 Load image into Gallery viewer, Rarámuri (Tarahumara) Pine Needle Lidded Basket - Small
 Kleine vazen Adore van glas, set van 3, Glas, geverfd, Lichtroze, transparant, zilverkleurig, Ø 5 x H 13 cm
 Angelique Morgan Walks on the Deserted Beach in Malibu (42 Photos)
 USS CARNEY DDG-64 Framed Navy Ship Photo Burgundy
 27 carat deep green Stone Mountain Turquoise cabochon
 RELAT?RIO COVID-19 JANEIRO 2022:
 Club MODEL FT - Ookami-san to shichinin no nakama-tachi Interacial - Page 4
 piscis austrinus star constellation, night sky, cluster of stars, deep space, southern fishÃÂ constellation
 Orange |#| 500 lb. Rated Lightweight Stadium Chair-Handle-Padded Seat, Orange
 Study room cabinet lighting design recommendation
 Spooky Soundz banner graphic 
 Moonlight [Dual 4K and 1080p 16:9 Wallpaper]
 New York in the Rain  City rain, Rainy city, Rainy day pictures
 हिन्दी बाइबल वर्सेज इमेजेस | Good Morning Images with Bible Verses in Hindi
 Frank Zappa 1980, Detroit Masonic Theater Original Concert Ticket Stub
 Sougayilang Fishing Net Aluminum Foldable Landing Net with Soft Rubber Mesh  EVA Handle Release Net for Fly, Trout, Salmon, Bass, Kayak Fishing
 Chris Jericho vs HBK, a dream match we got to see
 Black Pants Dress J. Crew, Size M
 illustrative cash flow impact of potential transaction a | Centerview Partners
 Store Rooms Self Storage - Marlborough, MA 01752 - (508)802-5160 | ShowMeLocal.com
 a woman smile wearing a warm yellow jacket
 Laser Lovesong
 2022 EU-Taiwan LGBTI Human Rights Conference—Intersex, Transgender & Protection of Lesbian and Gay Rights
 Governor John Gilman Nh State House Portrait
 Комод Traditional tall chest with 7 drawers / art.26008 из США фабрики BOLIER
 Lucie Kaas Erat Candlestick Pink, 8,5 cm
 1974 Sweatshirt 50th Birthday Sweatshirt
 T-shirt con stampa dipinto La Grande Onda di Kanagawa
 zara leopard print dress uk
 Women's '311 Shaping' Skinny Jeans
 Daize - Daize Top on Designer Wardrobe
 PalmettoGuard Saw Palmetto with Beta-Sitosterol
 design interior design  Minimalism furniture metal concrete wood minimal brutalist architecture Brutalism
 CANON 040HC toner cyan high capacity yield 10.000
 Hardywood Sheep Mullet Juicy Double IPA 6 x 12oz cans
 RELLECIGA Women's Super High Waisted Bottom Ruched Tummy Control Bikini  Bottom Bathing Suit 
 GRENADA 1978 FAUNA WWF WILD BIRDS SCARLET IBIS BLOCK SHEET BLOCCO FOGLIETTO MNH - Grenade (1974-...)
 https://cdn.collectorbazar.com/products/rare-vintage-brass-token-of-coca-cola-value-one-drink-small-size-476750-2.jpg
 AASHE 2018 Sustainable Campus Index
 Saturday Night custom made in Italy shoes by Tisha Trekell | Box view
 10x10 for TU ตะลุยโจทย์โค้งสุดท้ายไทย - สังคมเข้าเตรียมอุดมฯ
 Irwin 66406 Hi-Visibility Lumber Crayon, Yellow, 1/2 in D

What is needed:
Out of the data above, give again only the lines starting at the one holding "Lucie Kaas Erat Candlestick Pink, 8,5 cm" and ending at the one holding "CANON 040HC toner", unchanged.

Output below:
 Lucie Kaas Erat Candlestick Pink, 8,5 cm
 1974 Sweatshirt 50th Birthday Sweatshirt
 T-shirt con stampa dipinto La Grande Onda di Kanagawa
 zara leopard print dress uk
 Women's '311 Shaping' Skinny Jeans
 Daize - Daize Top on Designer Wardrobe
 PalmettoGuard Saw Palmetto with Beta-Sitosterol
 design interior design  Minimalism furniture metal concrete wood minimal brutalist architecture Brutalism
 CANON 040HC toner cyan high capacity yield 10.000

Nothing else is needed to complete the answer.